A continuación se muestra una instantánea de la vista de los campos analizados en las filas de HBase y también una vista renderizada de uno de los objetos PDF almacenados como MOB en la familia de columnas obj.

Conclusión

En esta publicación, hemos demostrado cómo usar tecnologías estándar de código abierto para realizar OCR en documentos escaneados usando un programa Spark escalable, almacenándolos en HBase para una recuperación rápida e indexando la información extraída en Solr. Debería ser evidente que:

  • Dado el formato de especificación del mensaje, podemos extraer campos y pares de valores y hacer que se puedan buscar a través de Solr.
  • Estos campos de datos pueden cumplir con los requisitos de IDMP de hacer que los datos heredados sean electrónicos, lo que entrará en vigencia el próximo año.
  • Los campos, así como las imágenes sin procesar, se pueden conservar en HBase y se puede acceder a ellos a través de las API estándar.

Si necesita procesar documentos escaneados y combinar los datos con otras fuentes en su empresa, considere usar una combinación de Spark, HBase, Solr, junto con Tesseract y Leptonica. ¡Puede ahorrarle una cantidad considerable de tiempo y dinero!

Jeff Shmain es arquitecto sénior de soluciones en Cloudera.
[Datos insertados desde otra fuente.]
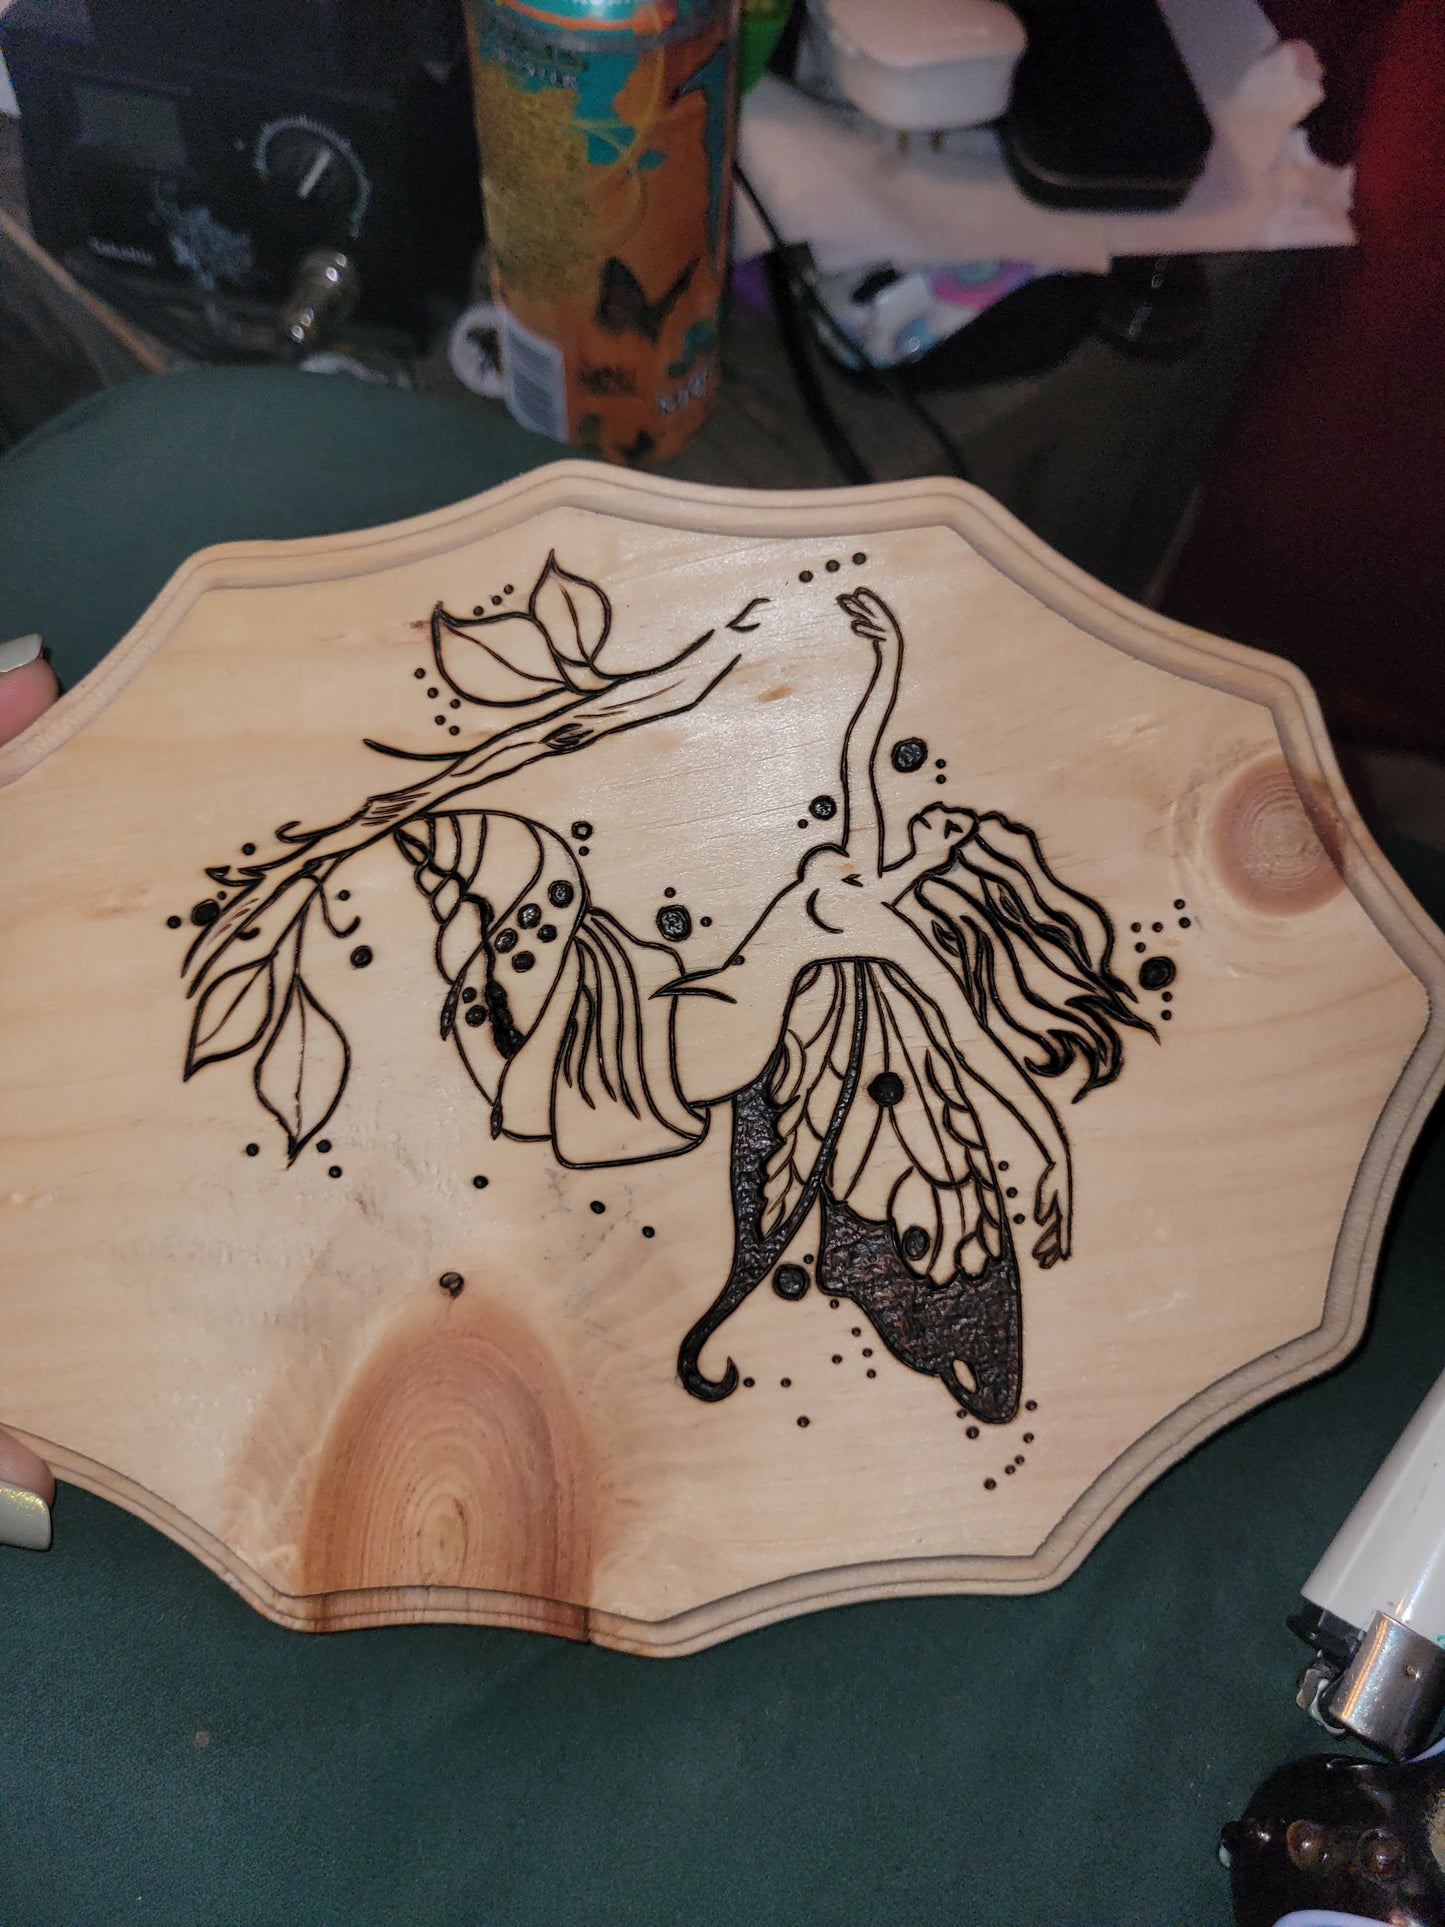 Blooming Fairy - 'Pyrographics by The Ragdoll Princess'
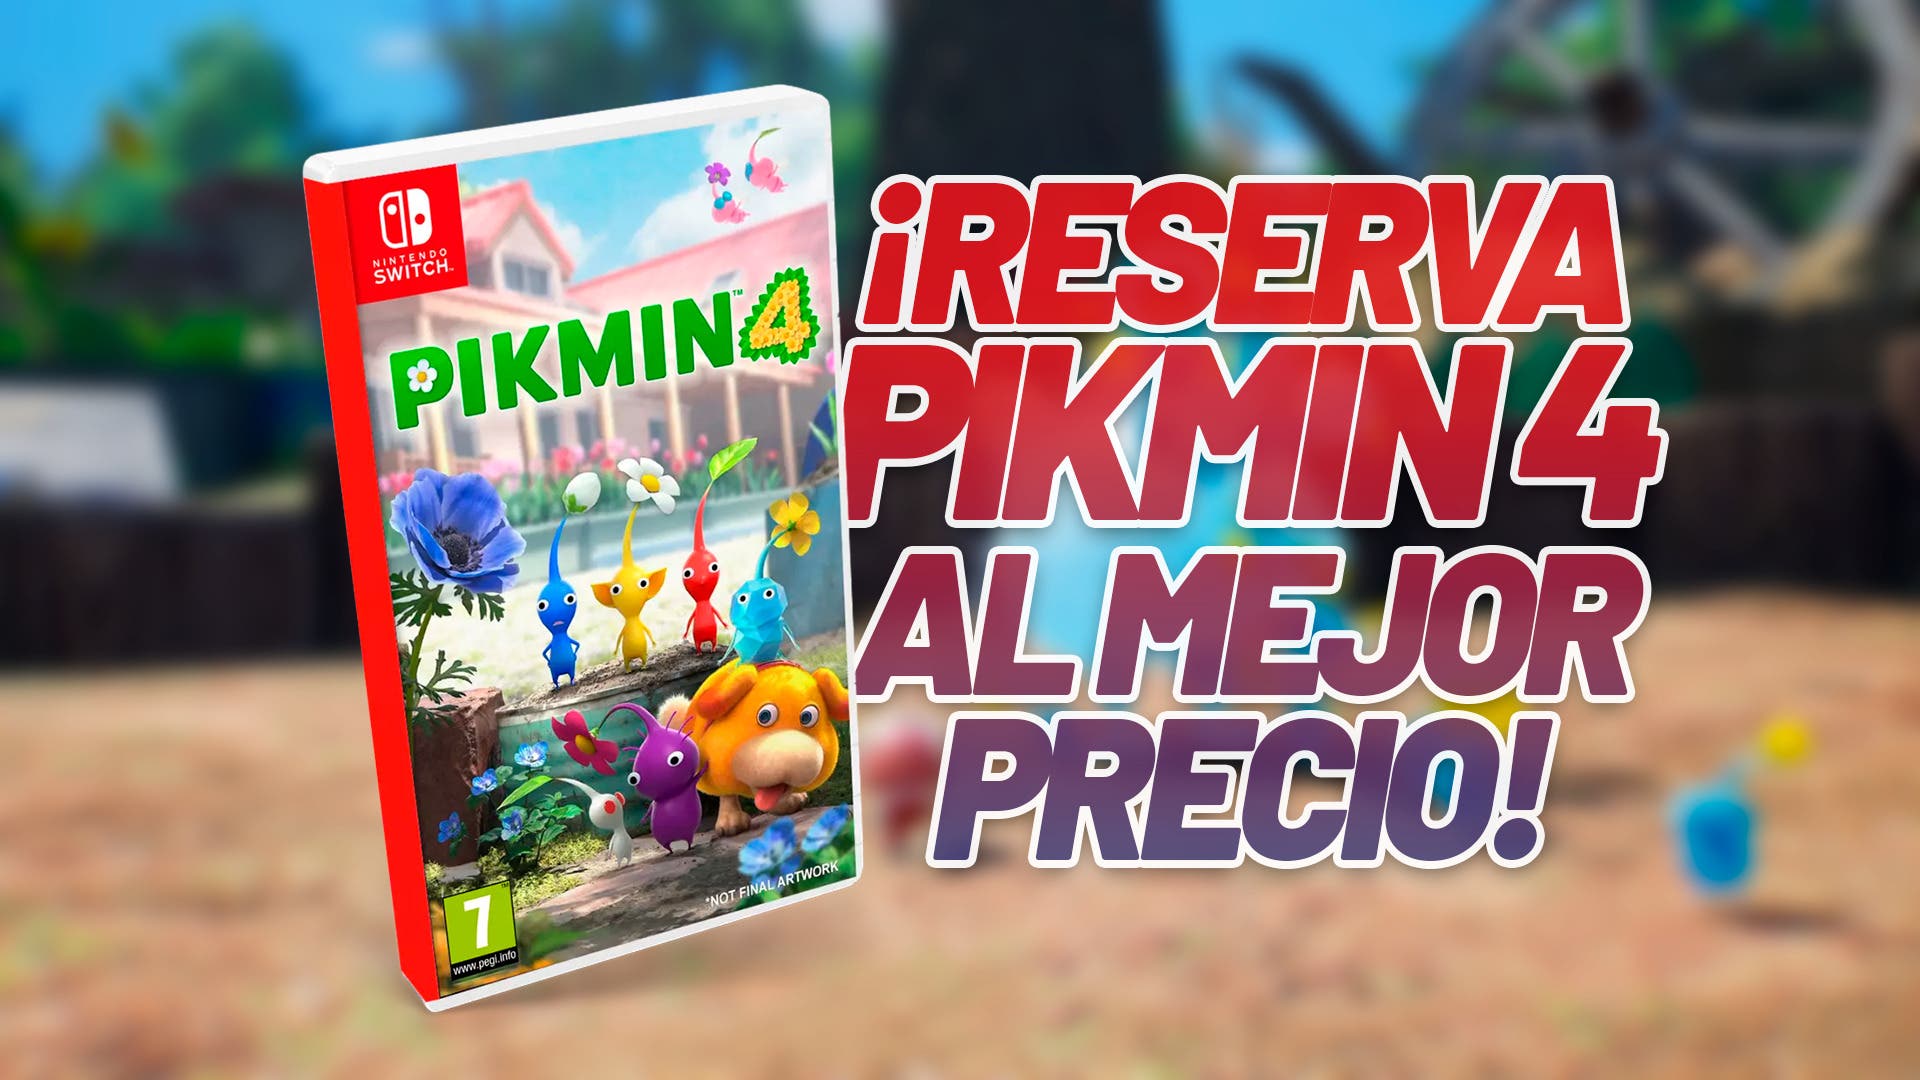 Book Pikmin 4 at the best price with this Amazon offer

Tiene más de 16 años de experiencia en la industria financiera con una sólida comprensión del comercio de valores, el riesgo y las regulaciones. En los últimos años, ha trabajado en varias implementaciones de casos de uso en 8 de los 10 bancos de inversión más grandes del mundo.

Vartika Singh es consultor sénior de soluciones en Cloudera. Tiene más de 12 años de experiencia en aprendizaje automático aplicado y desarrollo de software.